As we wait for a judge to rule on the legality of the Trump administration’s Census citizenship question, House Democrats are already previewing their intentions to investigate the administration’s decision to add it. Rep. Elijah Cummings (D-MD), the incoming chair the Oversight Committee next year, told CNN last week that he plans on bringing in Commerce Secretary Wilbur Ross, who made the call to add the question, to testify about the decision.
Meanwhile, in a lawsuit that Alabama Republicans have brought demanding that the Census exclude undocumented immigrants from the count that doles out U.S. House seats across the country, a Latino group has successfully intervened to defend the current system of counting all residents — not just citizens — in the count.
While Republicans have continued full steam ahead on their efforts to cripple incoming Democratic state governments and entrench their electoral advantage, New Jersey Democrats backed away from passing a controversial redistricting constitutional amendment. The amendment, which would have also needed to pass as a ballot initiative, would have given legislative leaders more sway over the state’s redistricting commission while including other provisions that would have tilted the state’s maps to the left. Gov.

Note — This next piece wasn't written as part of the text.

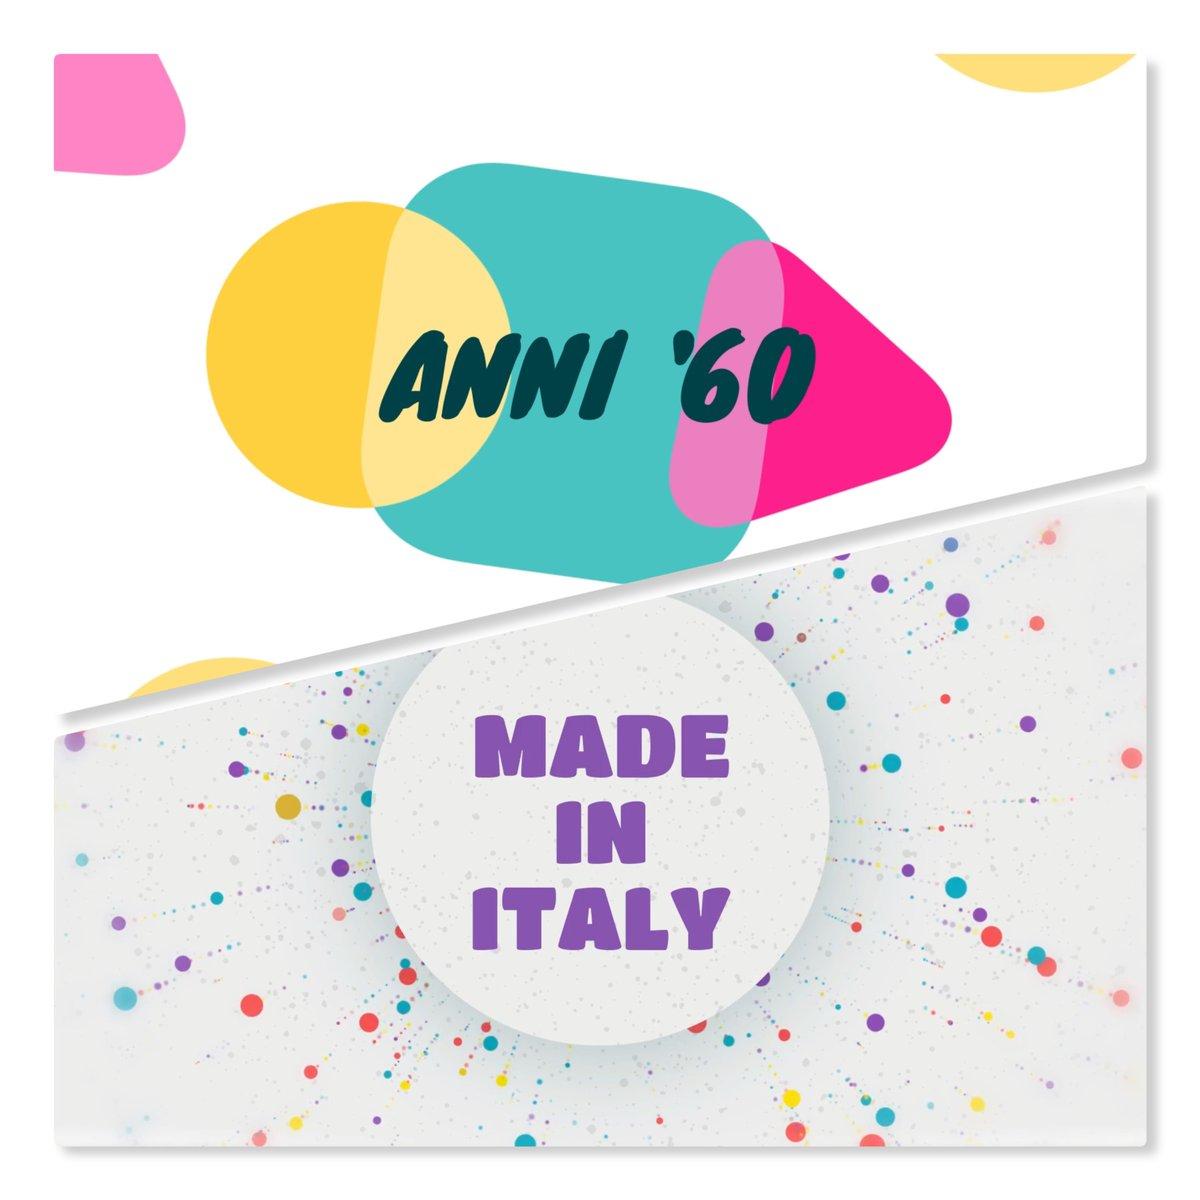 Le migliori canzoni italiane dagli anni '60 ai giorni nostri le ascolti su Radio FM Faleria ogni giorno dalle 6:00 del mattino... http://www.radiofm.net #radiofm #radiofmfaleria #repeat #listentothis #goodmusic #instamusic #photooftheday #20likes #amazingpic.twitter.com/RF04abUaDK

Phil Murphy (D) opposed the bill, which had come under fire from voting rights activists, including the anti-gerrymandering group led by former Attorney General Eric Holder.

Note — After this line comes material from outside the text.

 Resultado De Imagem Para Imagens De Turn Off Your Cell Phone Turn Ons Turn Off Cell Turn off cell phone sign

Just before he was elected governor in a tight race against Stacey Abrams, Georgia Secretary of State Brian Kemp alleged that the Georgia Democratic Party had tried to hack a voter registration online database. According to a new report, these allegations were, not surprisingly, totally bunk. Kemp had made the claims after independent computer science researchers had identified vulnerabilities in the system, and the state’s Democrats helped pass along the message to the secretary of state. His office has only been able to point to an email that one Democratic volunteer forwarded along laying out what an individual not affiliated with the party had found. Meanwhile, no Democrats or the lawyers also involved in the affair have heard from the state agencies supposedly investigating the allegations.
In North Carolina, where actual election fraud — in the form of an alleged absentee ballot scheme — may have occurred, the state elections board investigating the allegations announced it will hold a hearing on the probe on January 11, which is later than the December 21 date by which the board had initially sought to hold the hearing. That means that North Carolina’s ninth U.S. congressional district, the focus of the investigation, will likely not have a representative for at least the first week of the new Congress. Republicans are not happy about the delay, and are demanding that election officials show evidence that the alleged fraud altered the outcome of the race if they are going to prevent Mark Harris, Republican candidate who unofficial won the the race, from being seated.